Highlights & Insights¶
- Eliminating parameter selection in the inference stage: This is the core breakthrough compared to prompt-based and MoE methods—there is no need to "guess which set of parameters to use" beforehand; all memory vectors are jointly involved.
- Excellent scalability: Each new task only adds \(M^k \times \lambda_1\) vectors (a few clustering centers per class), resulting in lightweight, linear parameter growth.
- Efficient training: The adapter is located after the image encoder, so gradients do not propagate back to CLIP \(\rightarrow\) low GPU memory footprint.
- GMM distribution preservation: Compressing the feature distribution of old tasks into GMM parameters (means + covariances + weights) is far more efficient than storing raw features or images.
- Simple and clean design: Contains no complex routing mechanisms, gating networks, or attention modules, operating purely based on dot products and k-means/GMM.

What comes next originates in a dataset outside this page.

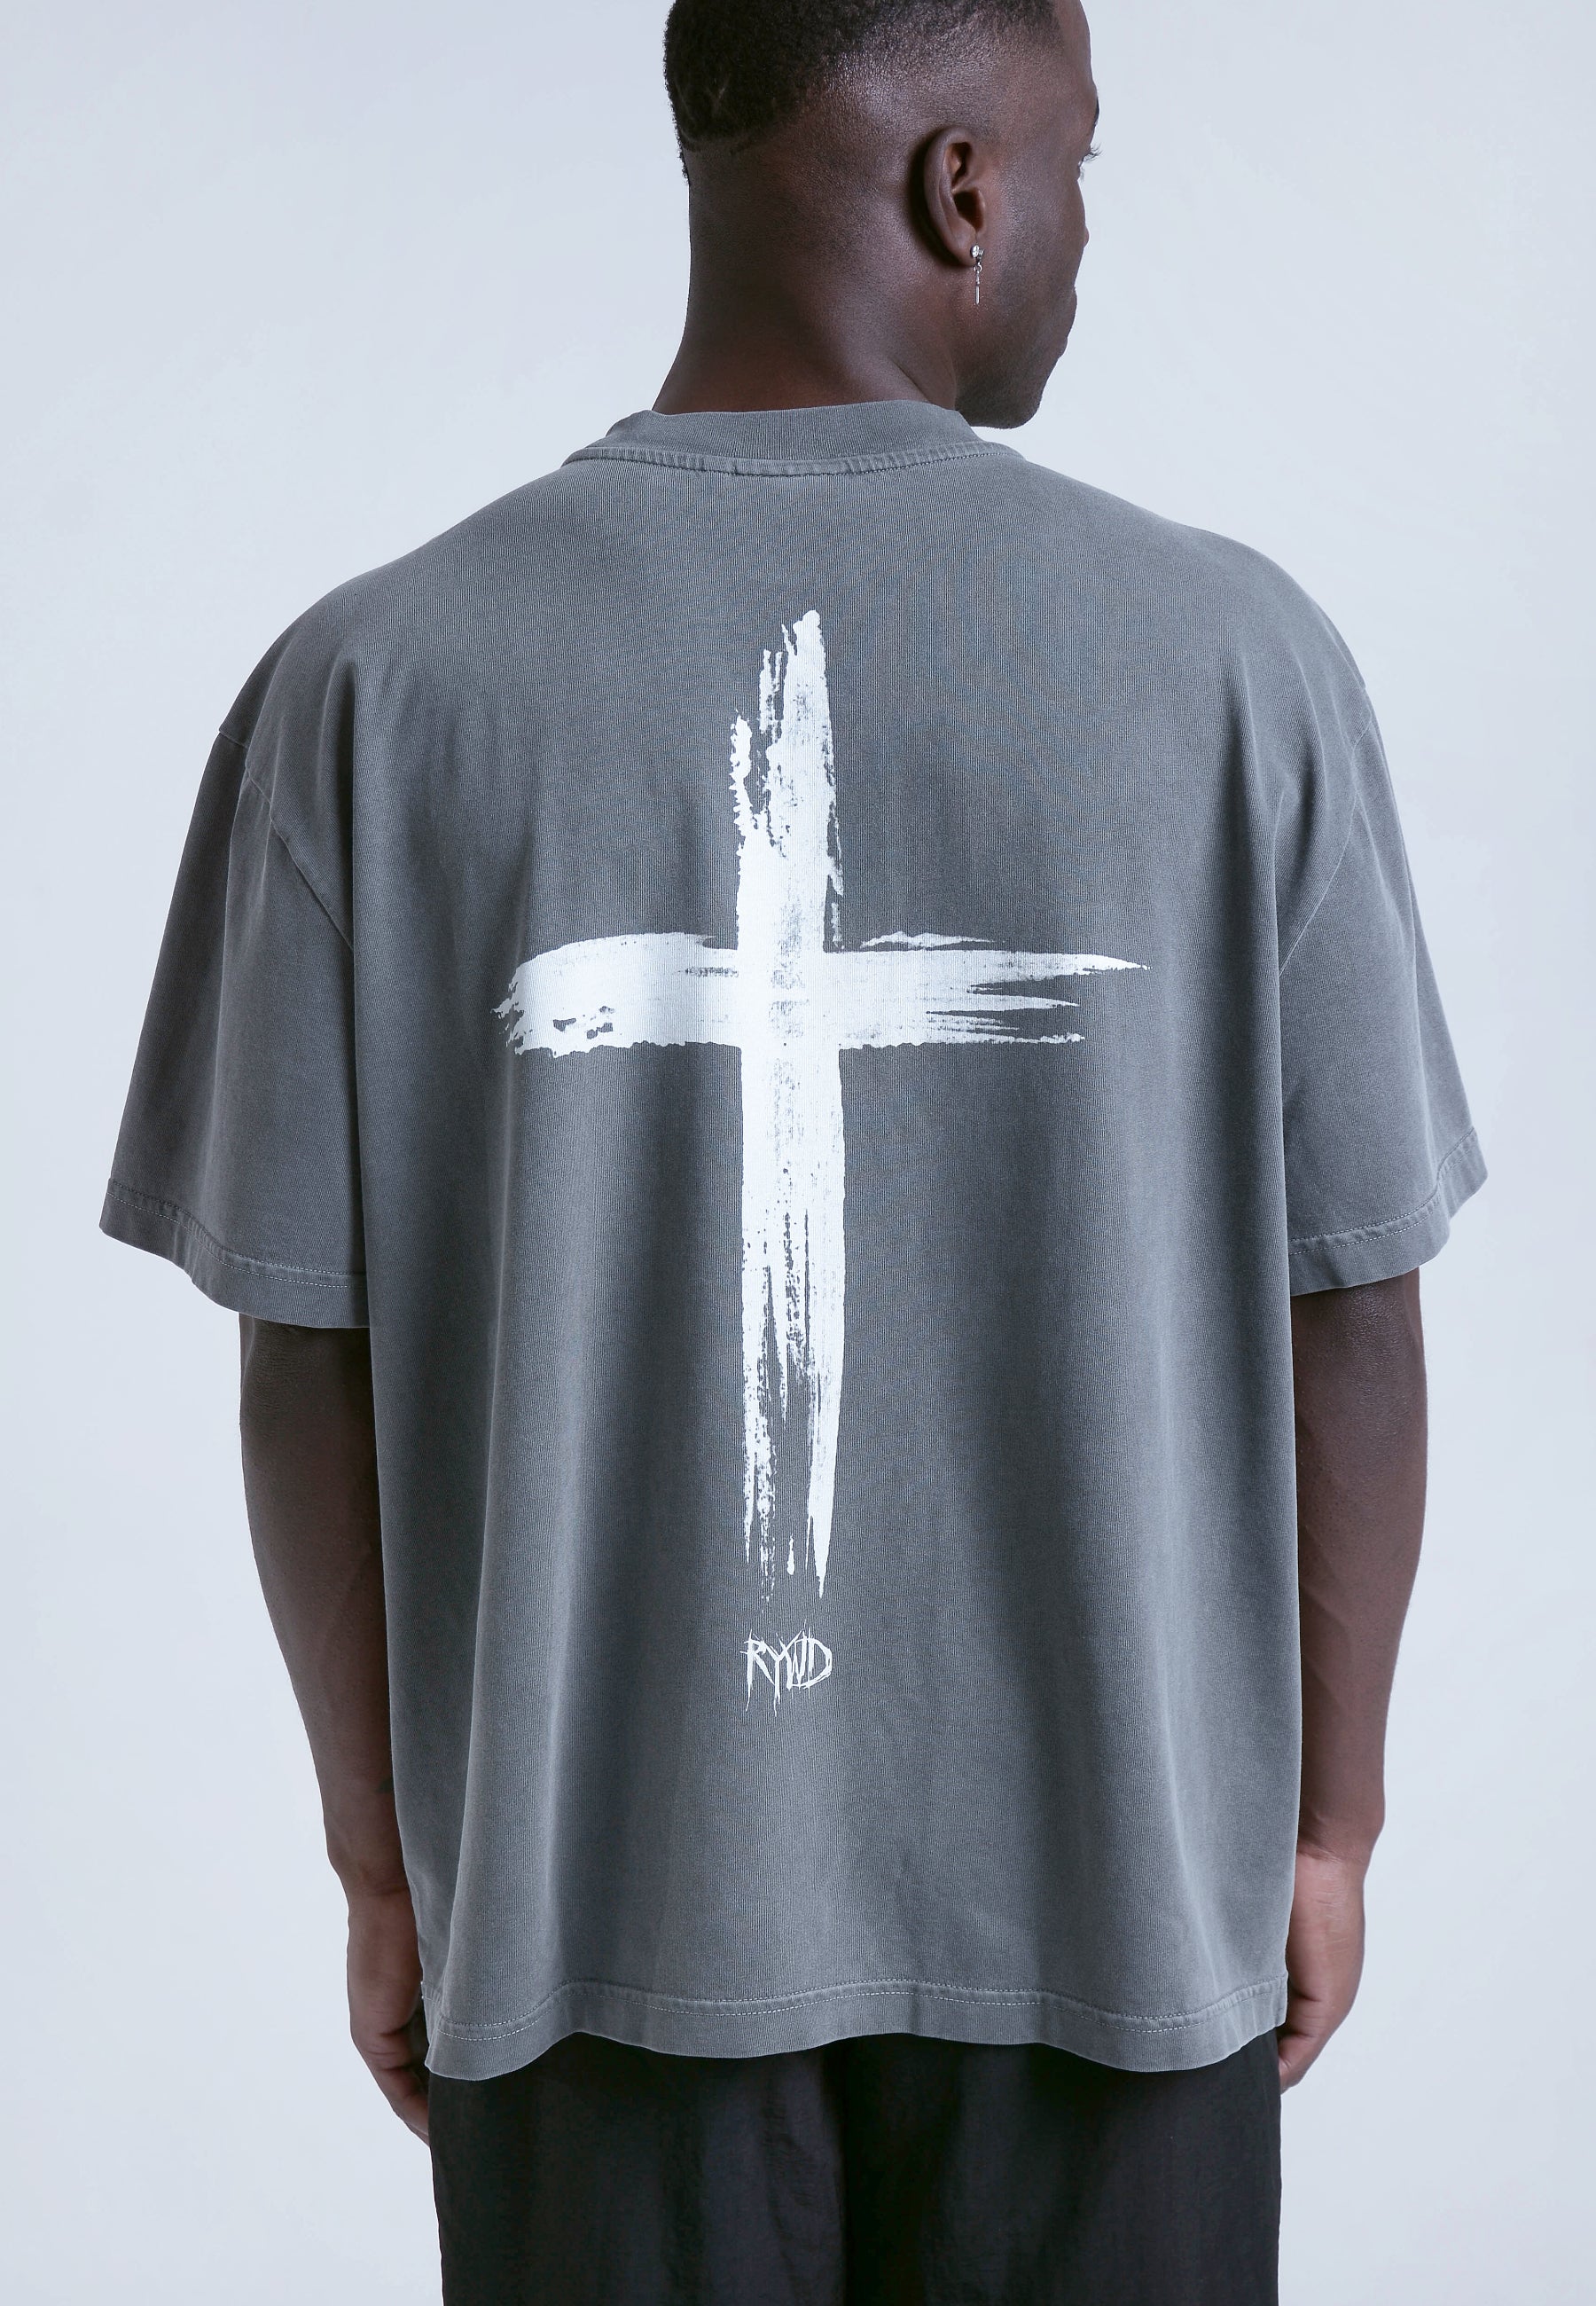 RYWD Cross T-Shirt grau 2 unisex oversize streetwear

Limitations & Future Work¶
- Storage grows linearly with the number of classes: Each class requires \(\lambda_1\) memory vectors + \(\lambda_2\) GMM components; when the number of classes is extremely large (e.g., 10,000 classes), storage might become a bottleneck.
- GMM assumption: Fitting the feature distribution with GMM assumes local Gaussianity, which may not be accurate enough for highly non-convex distributions.
- Dependence on frozen-CLIP feature quality: If CLIP's pre-trained representation itself is poor for certain domains (e.g., medical images), the potential improvement of LADA is limited.
- Lack of validation on ultra-large-scale tasks: Experiments cover sequential learning of up to 10 tasks, whereas practical scenarios may involve hundreds of tasks.
- Fixed classifier: The classifier \(h\) based on the design of \(\phi = \exp(-\beta(1-x))\) is relatively simple, which may limit expressiveness.
Related Work & Insights¶
- RAIL / Dual-RAIL (Xu et al. 2024): Expands classifier dimensions but freezes features \(\rightarrow\) complementary to LADA, as LADA improves the feature side.
- MoE-Adapters (Yu et al. 2024): Blends adapters but requires parameter selection \(\rightarrow\) LADA eliminates this step.
- ZSCL (Zheng et al. 2023): Knowledge distillation to prevent forgetting but updates pre-trained parameters \(\rightarrow\) LADA completely freezes CLIP.
- Prototype augmentation (Zhang et al. 2023): Uses prototypes instead of storing samples \(\rightarrow\) LADA's GMM distribution preservation is an upgraded version of this.
- Insight: The paradigm of encoding class-discriminative information into learnable vectors (memory units) is worth generalizing to other continual learning scenarios.
Rating¶
- Novelty: ⭐⭐⭐⭐ — The idea of using label-specific memory units to eliminate parameter selection is novel.
- Experimental Thoroughness: ⭐⭐⭐⭐ — Comprehensive comparison on X-TAIL 16-shot/full-shot, with thorough ablation studies.
- Writing Quality: ⭐⭐⭐⭐ — Clear motivation, complete mathematical derivations, and intuitive illustrations.
- Value: ⭐⭐⭐⭐ — Practically advances the field of CLIP continual learning; the method is plug-and-play.